**Exercise instructions:** Beneath this line is the data. Output exactly the lines from the line with "10 Habits to" to the line with "QNAP TVS-h874T-i9 DAS-NAS", both ends included, and nothing more.

**Records to process:**
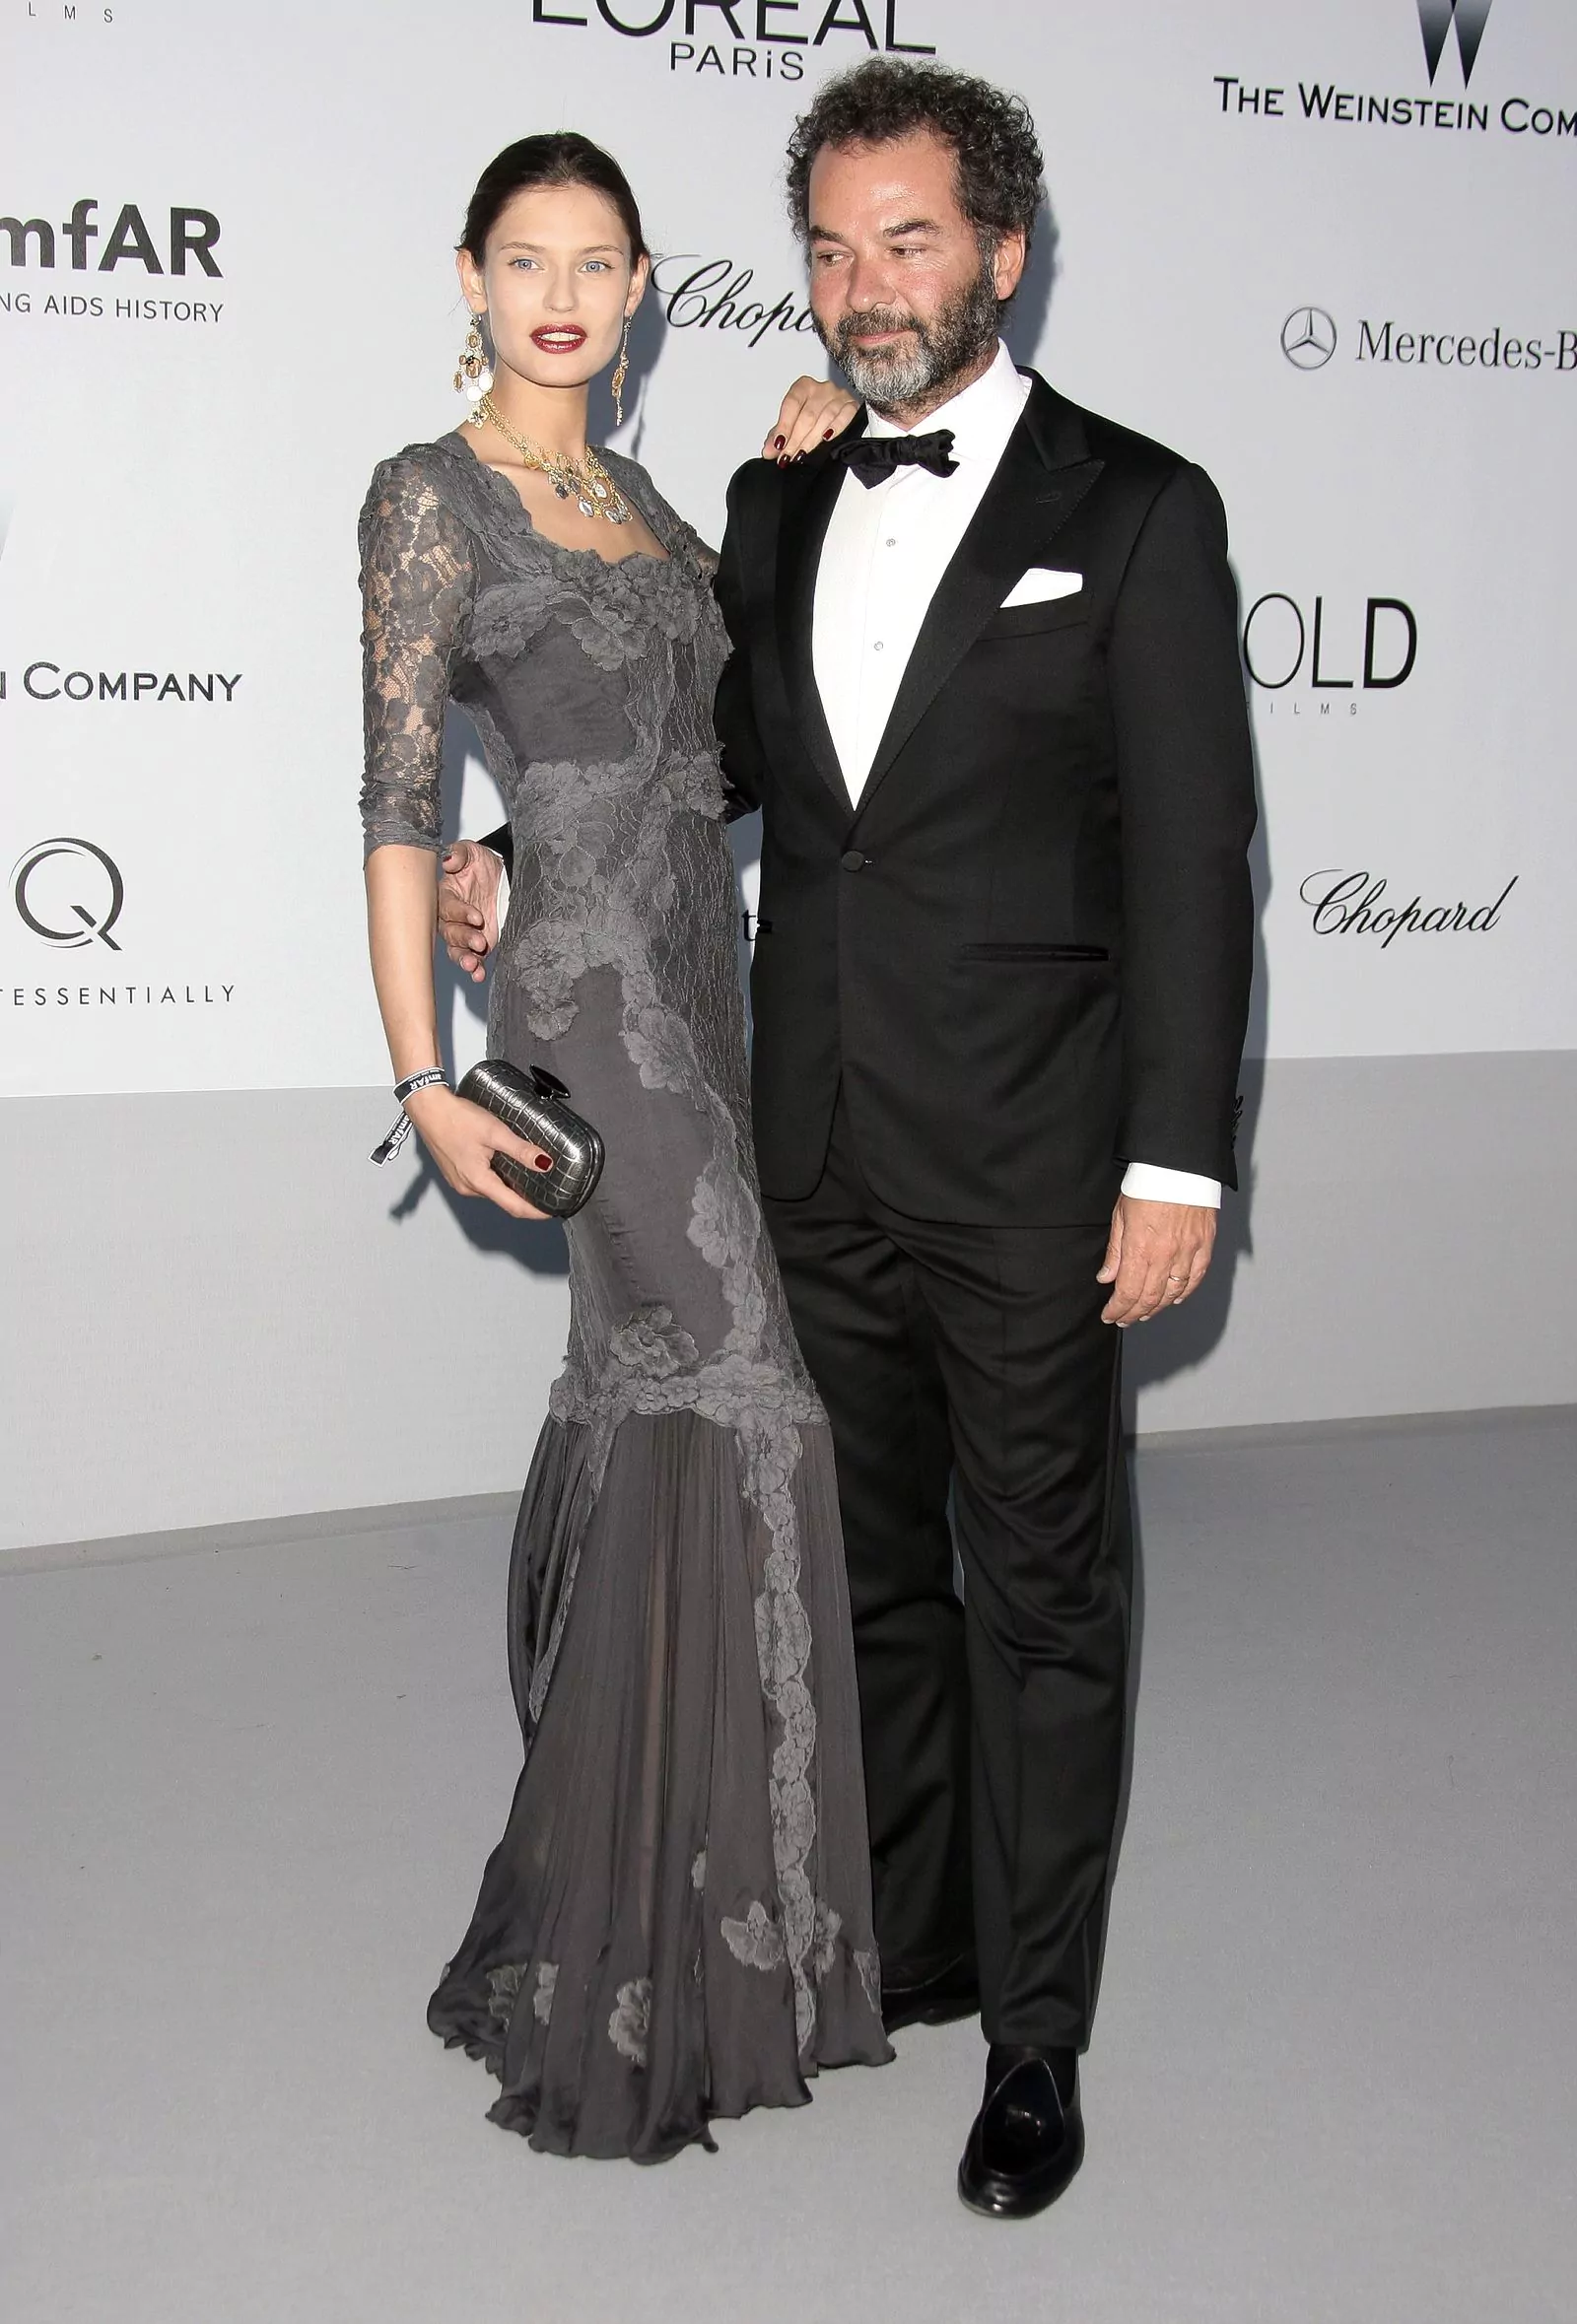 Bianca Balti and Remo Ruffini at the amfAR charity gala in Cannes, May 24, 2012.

...

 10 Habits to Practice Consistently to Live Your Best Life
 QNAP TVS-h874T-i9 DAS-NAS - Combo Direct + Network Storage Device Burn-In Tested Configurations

**Answer to the problem:**
 10 Habits to Practice Consistently to Live Your Best Life
 QNAP TVS-h874T-i9 DAS-NAS - Combo Direct + Network Storage Device Burn-In Tested Configurations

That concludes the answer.